Un matin de 1976, durant la guerre au Liban, nous apprenons que l’ambassade de France offre aux français résidant au Liban, la possibilité de quitter le pays par voie maritime. L’aéroport de Beyrouth était fermé. Nous n’étions pas encore citoyens français. Je présente notre demande au consulat disant que nous étions intéressés par ce départ vu la présence de nos enfants en France. Après intervention du quai d’Orsay, et grâce à l'action de Laurent à Paris, l’autorisation est accordée. Le lendemain à 6 heures, Evelyne Alain, moi, ainsi que notre chienne Sandy, nous nous rendons à Jounieh où un bateau de guerre français nous attend au large. 

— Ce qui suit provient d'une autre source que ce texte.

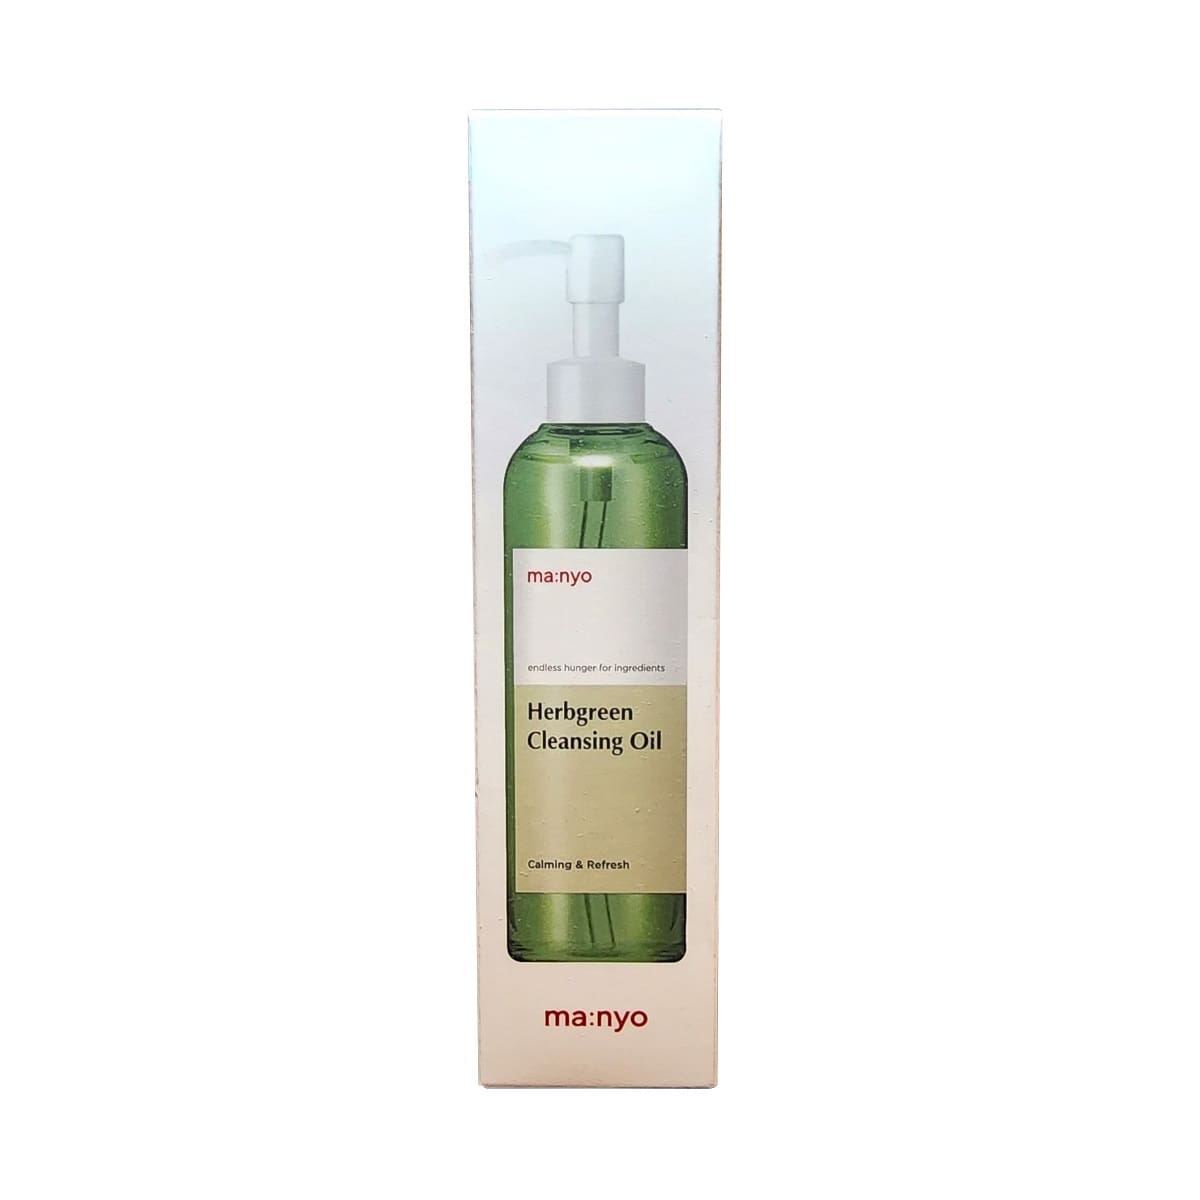 Product label for ma:nyo Herb Green Cleansing Oil (200 mL)

Nous quittons le Liban dans l'après-midi, et arrivons à Limassol dans la soirée.

Nous dormions sur le pont.

Dans la journée, nous passons le temps à l’aéroport de Limassol afin de bien surveiller Sandy. L’après midi, un avion 747 de la Compagnie Air France nous amène à Orly. Georges et Annick nous reçoivent chez eux, à Rueil-Malmaison.

Une occasion de remercier à nouveau Georges et Annick de tout cœur pour leur hospitalité proverbiale. Nous comptions rester 15 jours. Nous sommes finalement restés deux ans en France.

Au bout de deux semaines, impossible de rentrer. La guerre faisait toujours rage à Beyrouth. Nous constatons alors que nous n’avions absolument pas prévu de vêtements pour affronter l’hiver. Au départ de Beyrouth, nous étions trop optimistes.

Pour nos déplacements à Paris, nous aurions bien voulu avoir également notre voiture.

La seule possibilité qui s'offrait à nous était de prendre le risque de revenir à Beyrouth via Chypre, et de rejoindre Paris en voiture, via la Syrie, l’Italie, etc. J’en prends la responsabilité.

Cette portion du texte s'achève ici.